FDA Panel to Vote on Moderna’s First mRNA Flu Vaccine for Older Adults

A key advisory panel to the U.S. Food and Drug Administration is preparing to cast a vote on whether the benefits of Moderna’s new flu vaccine outweigh its potential risks in older adults — a review that follows a notable reversal by regulators who had initially moved to reject the drugmaker’s application.

Moderna is pursuing two different types of approval for the vaccine, known as mFlusiva. The company is seeking standard approval for adults between 50 and 64 years old, and a conditional, accelerated approval for adults 65 and older — a pathway that would require Moderna to carry out additional studies confirming the vaccine actually works. The company has agreed to conduct that follow-up research and provide more data for the older age group if it receives approval.

The advisory committee review is taking place against a backdrop of recent turmoil at the FDA. Both the agency’s commissioner, Marty Makary, and its vaccine chief, Vinay Prasad, recently left the agency following a string of controversies surrounding vaccine and rare-disease drug reviews — including the handling of Moderna’s flu shot application. Senior FDA officials had previously stated that Moderna put patients at risk by not using the preferred higher-dose flu vaccine as the comparison treatment in its clinical trial for adults 65 and older.

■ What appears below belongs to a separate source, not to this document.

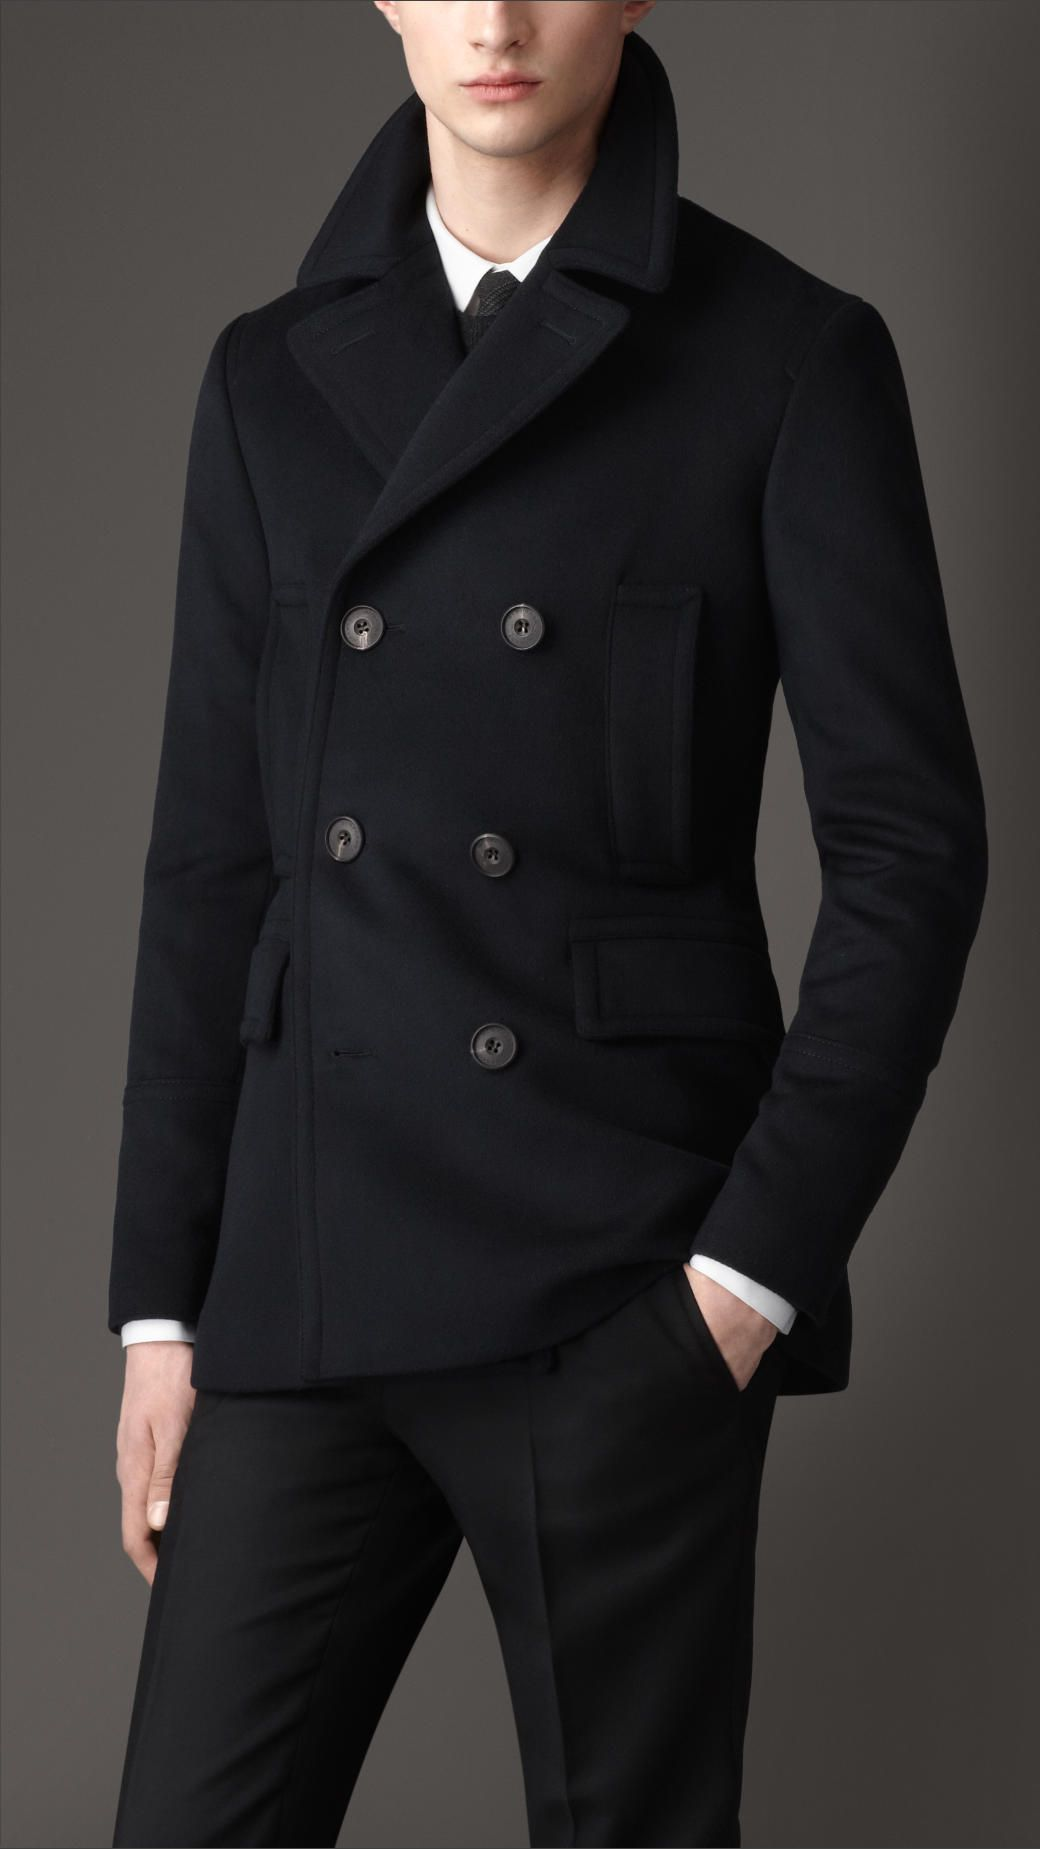 a24c69e73a0 Virgin Wool Cashmere Pea Coat
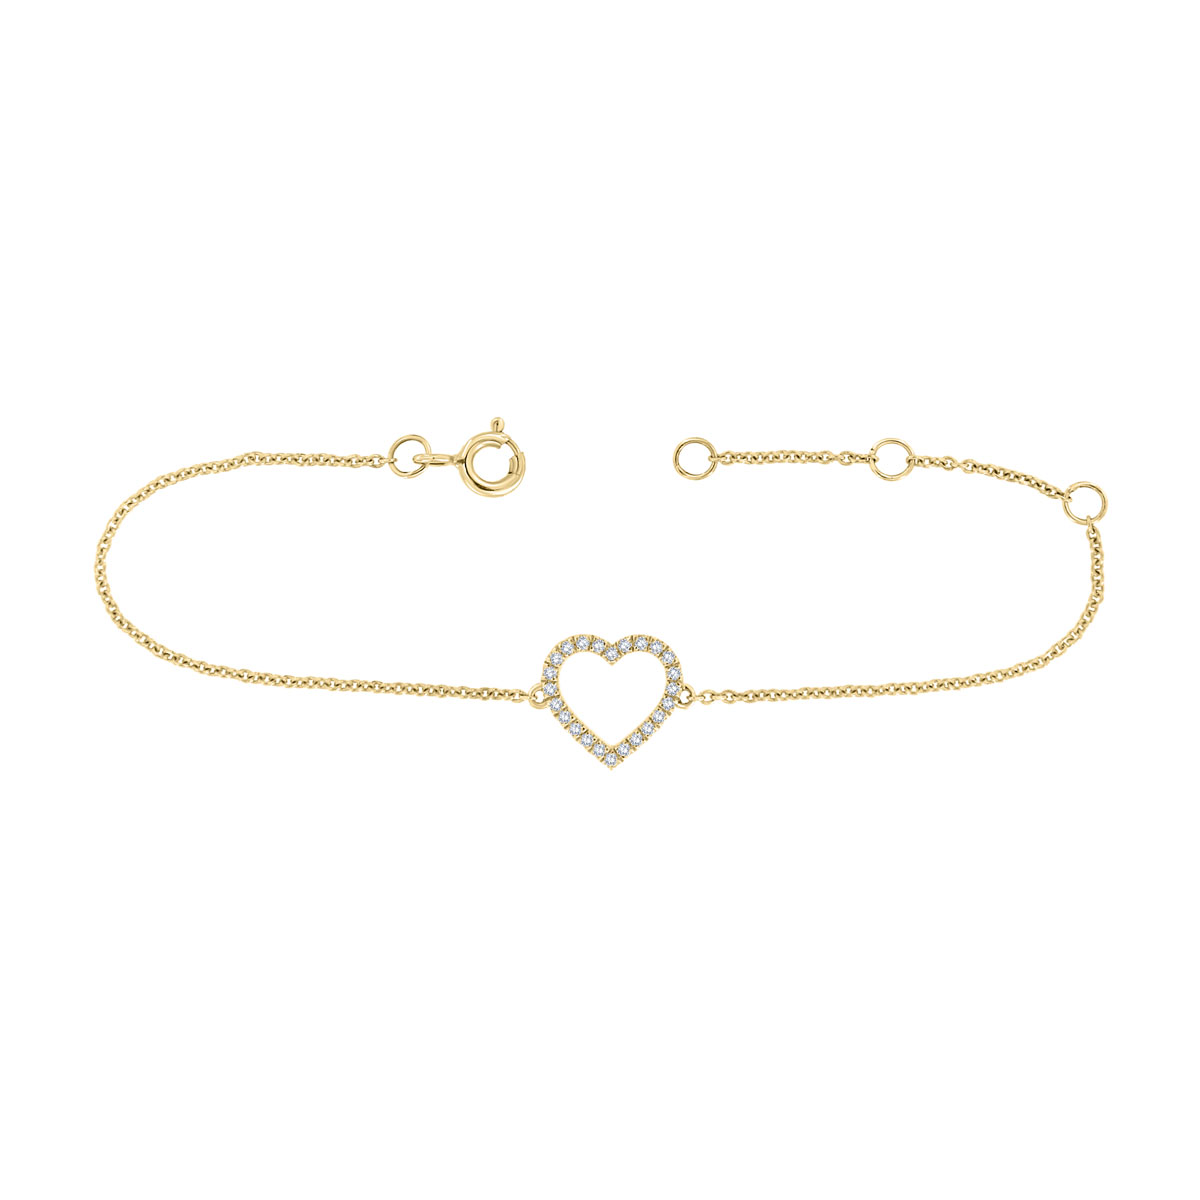 18K Yellow Gold Petite Heart Diamond Bracelet (1/10 ct. tw)

Acting Commissioner Kyle Diamantas has been working to steady the agency and rebuild its relationship with the biotechnology industry following months of disruption.

In briefing materials released ahead of the advisory meeting, FDA staff reviewers indicated that immune response data from Moderna’s flu shot could support a finding of effectiveness in adults 65 and older. However, those same documents raised concerns about the vaccine’s performance in people with weakened immune systems and very frail elderly individuals, both of whom were left out of the clinical trials.

Moderna’s own submission stated that its vaccine performed better than standard-dose flu shots among adults aged 50 to 64. A separate, smaller study also showed the vaccine produced a strong immune response when compared with a high-dose flu vaccine in adults 65 and older.

Paul Offit, director of the Vaccine Education Center at the Children’s Hospital of Philadelphia, offered perspective on the review process. “Every year when we approve flu vaccines, we don’t have efficacy data. So I think the question will be whether or not they thought that the immunogenicity study was big enough,” he said.

If the FDA grants approval, mFlusiva would become the first seasonal flu vaccine in the United States developed using mRNA technology — the same faster-production platform behind some COVID-19 vaccines. It would enter a competitive market alongside flu vaccines from Sanofi, GSK, CSL Seqirus, and AstraZeneca.

One key difference from conventional flu vaccines is that mFlusiva does not use chicken eggs in its production process. Moderna says this allows manufacturers to more closely match the vaccine to flu strains currently circulating and reduces the time between selecting the strain and making the vaccine available.

The FDA is expected to issue its final decision on the vaccine by August 5. One analyst at Jefferies, Andrew Tsai, does not anticipate Moderna generating flu vaccine revenue until 2027, but projects $750 million in combined U.S. flu and COVID-flu combo vaccine sales by 2030.